И вот как раз в то время, когда Сальвадора, в самом расцвете сил, находилась в дали прикрывая от зАморози левое ухо, — вдруг наступило лето. Ап! — и сразу.

Не успев и матюгнуться от неожиданности, Сальвадора почувствовала себя уже не в дали, а на зелёном лугу.

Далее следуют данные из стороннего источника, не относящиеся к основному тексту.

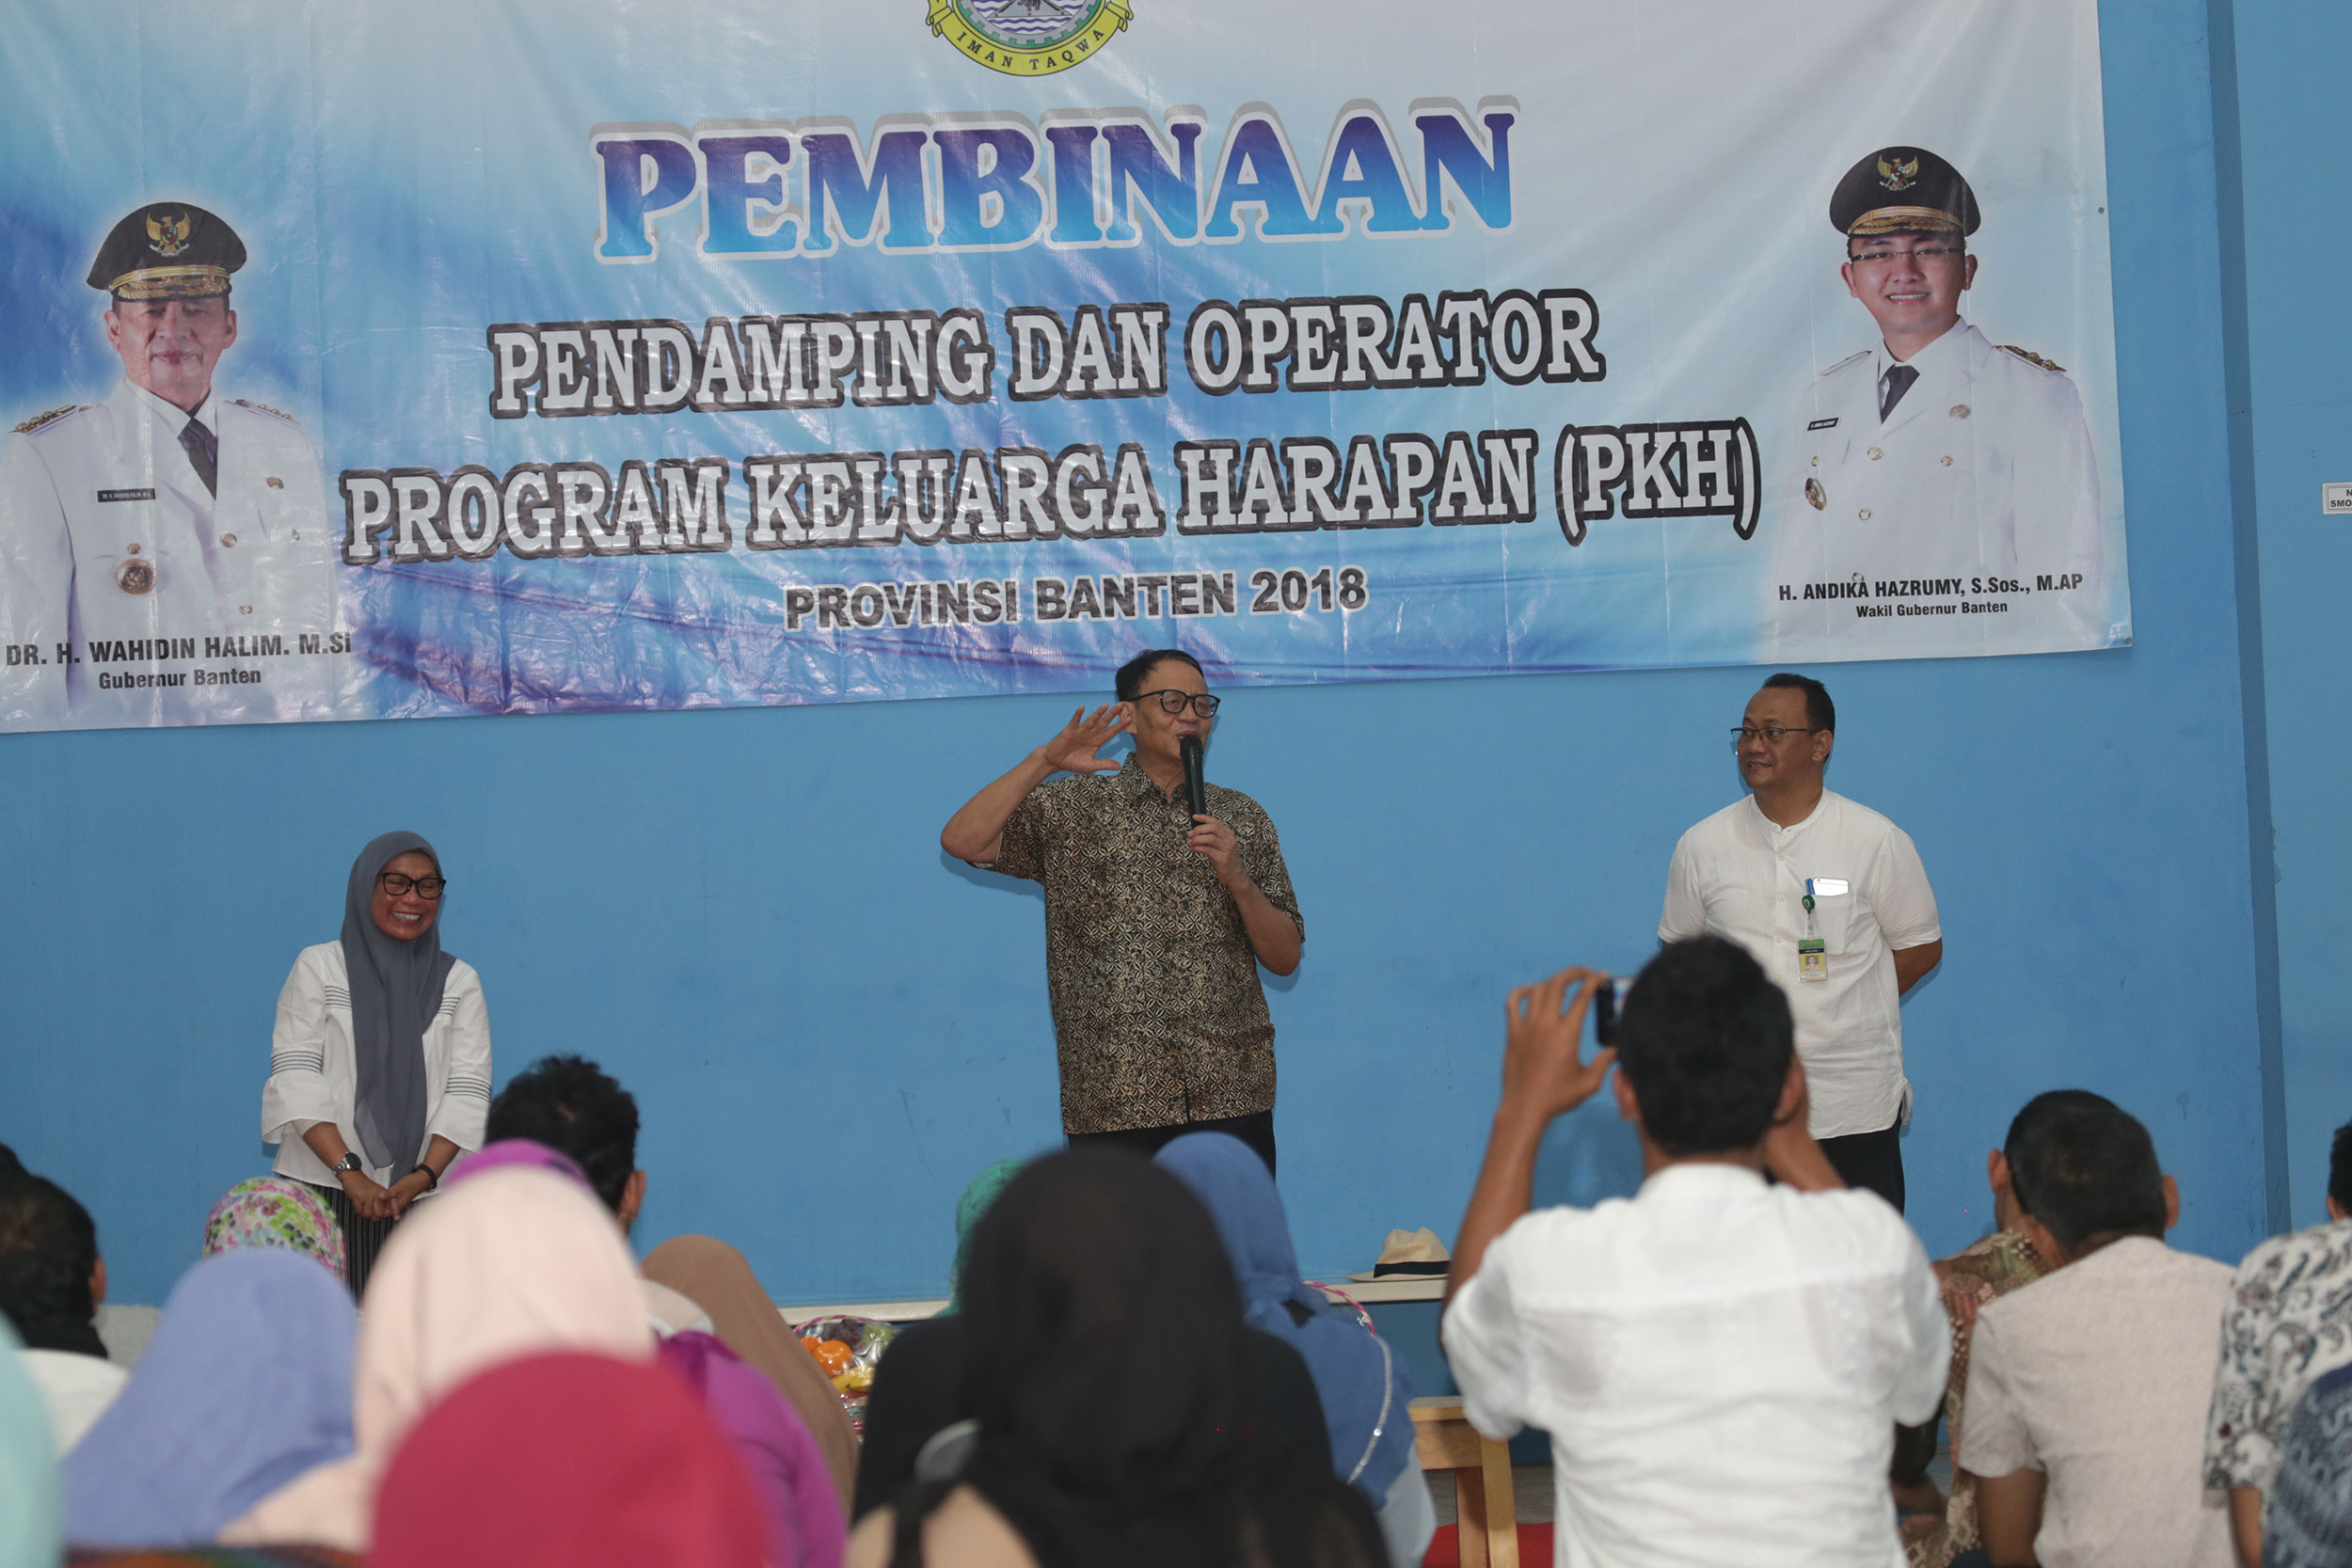 Pembinaan Pendamping dan Operator Program Keluarga harapan di Pinang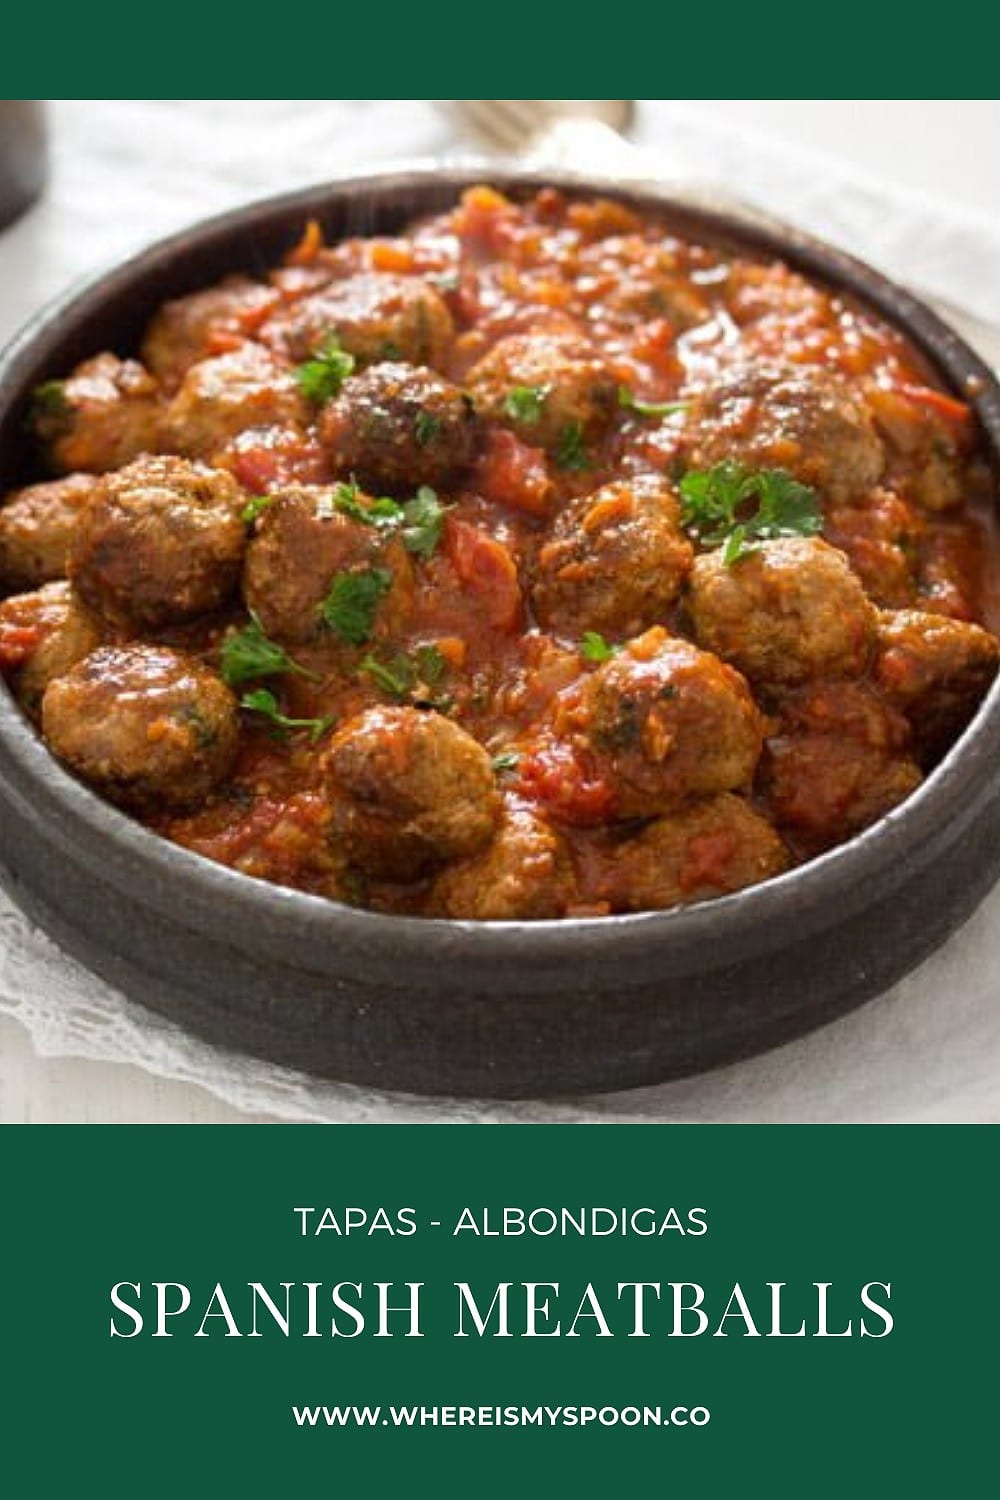 Spanish Meatballs – Best Albondigas Recipe (Tapas)

Она и впрямь испугалась, ущипнула себя за правое ухо (т.к. левое, с серьгой, берегла) и придирчиво осмотрелась вокруг.

Так и есть: это был самый настоящий луг. Знаете, какого цвета он был? Зелё-оного… И между его травками изредка прыгали всякие там полезные букашки. Мало того, — то тут то там по лугу были разбросаны чем-то обиженные (так показалось Сальвадоре) девочки, которые собирали землянику. Солнце пекло сверху как пылающий жираф, несмотря на то, что он (жираф) тоже был в дали. «Да ну его в баню, этого Дали!» — смекнула Сальвадора. А вот вблизи (по ту сторону обиженных земляничных девочек) была лесополоса, отделяющая зелёный луг от окраины города. И вот в этой-самой лесополосе, — за крайним деревом, — какой-то, прости-господи, идиот паршивый (так показалось Сальвадоре) беспардонно раздевался до сатиновых трусов в застиранный горошек.

Вид идиота сзади Сальвадору отнюдь не воодушевил. Тем более Сальвадора (если вы помните, она была ещё в дали) перепугалась и решила, что это бомж, от которого можно чем-нибудь заразиться.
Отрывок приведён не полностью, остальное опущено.